Entonces me fijo en mis manos.
Y mientras Led Zeppelin me alimentaba las sentí hechas de agua.
Mis dedos, flujos infinitos y cristalinos.
Para ese momento sentía que de alguna manera todo mi cuerpo se volvería de agua.
Paso a paso, ese efecto en mi mano subiera por mi brazo y hombros, llegando a mi cabeza, bajando a mi torso.
Solo bastaría que mis piernas hasta la punta de mis pies se licuen, para que todo mi cuerpo se convierta en una explosión violenta de agua. Inundando mí alrededor y humedeciendo el piso con mi ser.

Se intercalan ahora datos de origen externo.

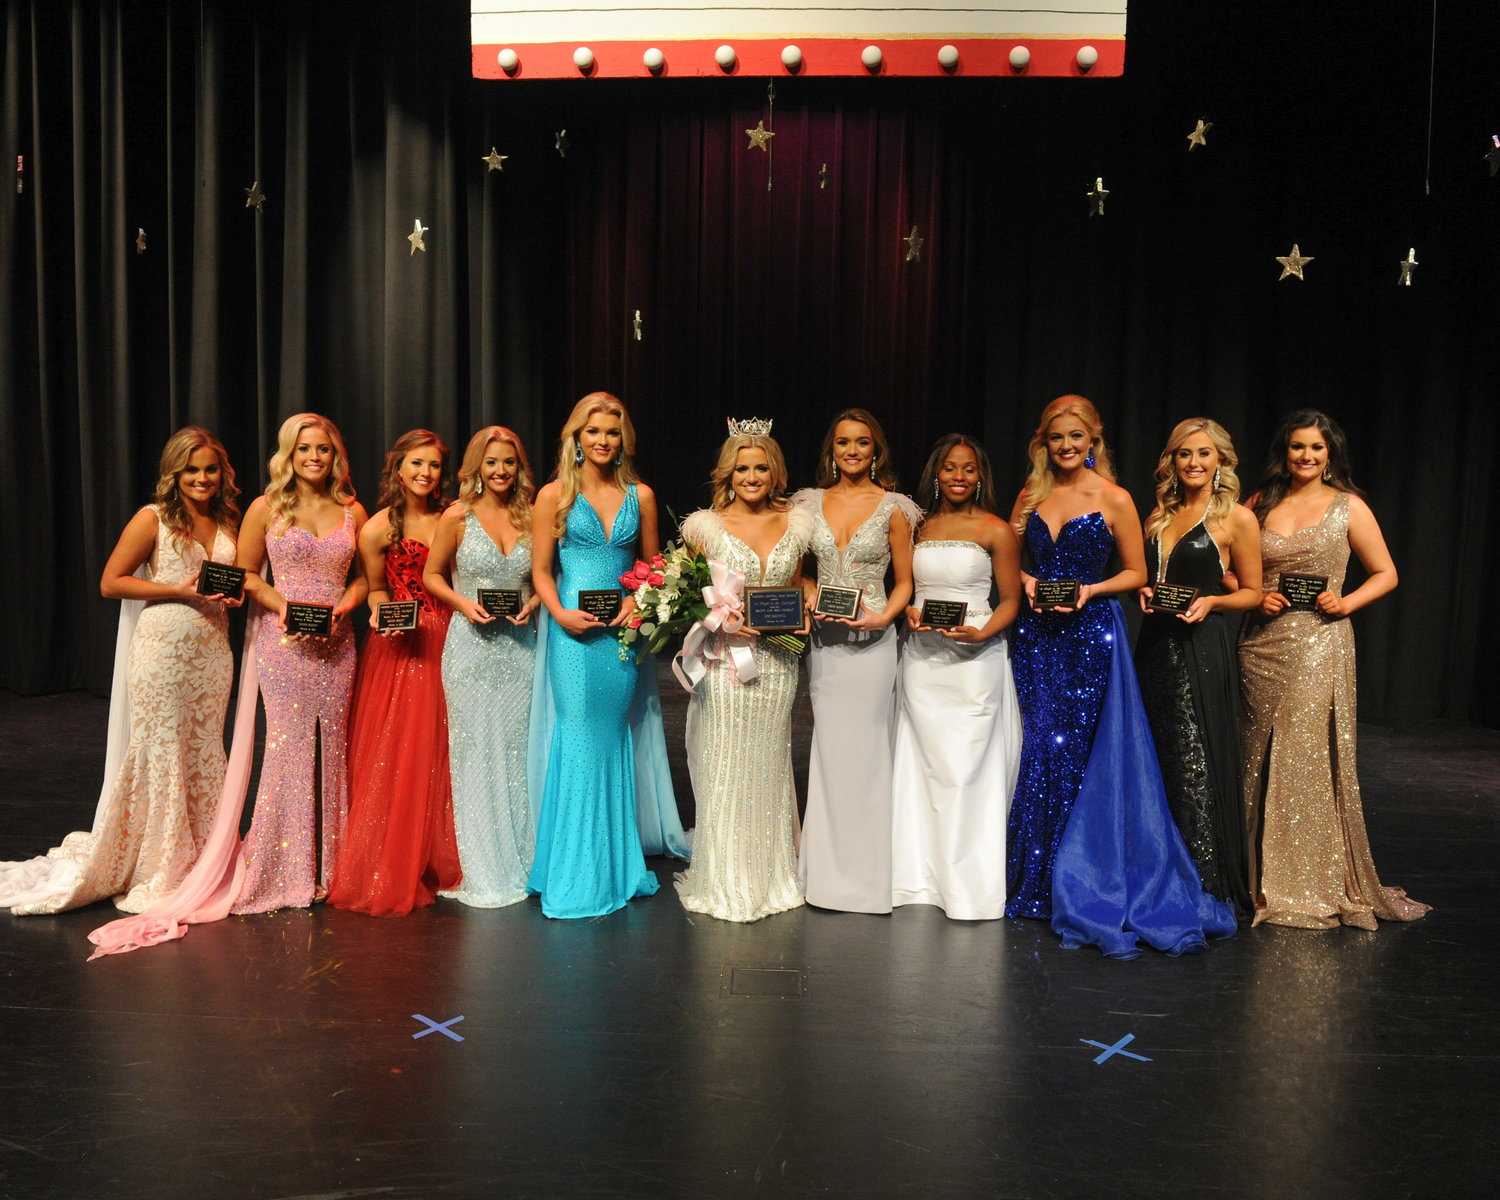 Madison Central High School hosted its annual Beauty and Beau pageant the week of February 8. Friday, February 12 was senior night. Pictured are the beauty winners. Left to right are beauties Grace McQuirter, Rossy Edmonson, Anna Kay Bumgarner, Ashley Erickson, Mary Boyd Parker, most beautiful Ellie Hetzel, beauties Taylor Boyt, Lana Evans, Ann Cabot Stockett, Avery Milligan and Adeline Walters.

En unas horas toda mi existencia se evaporaría del suelo y mi vida misma se reduciría a humedad.
En breve este momento de angustia, que convierte a mi existencia en líquido sobre el piso, me percato que mi alma flota desnuda sobre mi propio rocío, esperando encontrar el camino hacia su siguiente estado, pero aún mirando desde el piso no veo nada. Y me pregunto si lo que considero mi alma, no se encuentra empapada en cada átomo y molécula que se evapora lentamente elevándose indistintamente hacia varias direcciones.
He calmado la angustia de convertirme en vapor o polvo, y volviendo en mí, observo que mi mano se encuentra en su estado normal, y lejos de ser cristalina, mi palma se extiende a lo máximo y se distiende, esperando poder recuperar toda su movilidad.
No quiero seguir confundida, por sobre mi estado mental, o cual es el verdadero efecto de la música que escucho, apago mis sentidos y me envuelvo en olvido, hasta que 10 años mas pasen y hasta que vuelva a observar que mi mano se convierte el líquido, o que esta vez se encuentre sujetando a otra.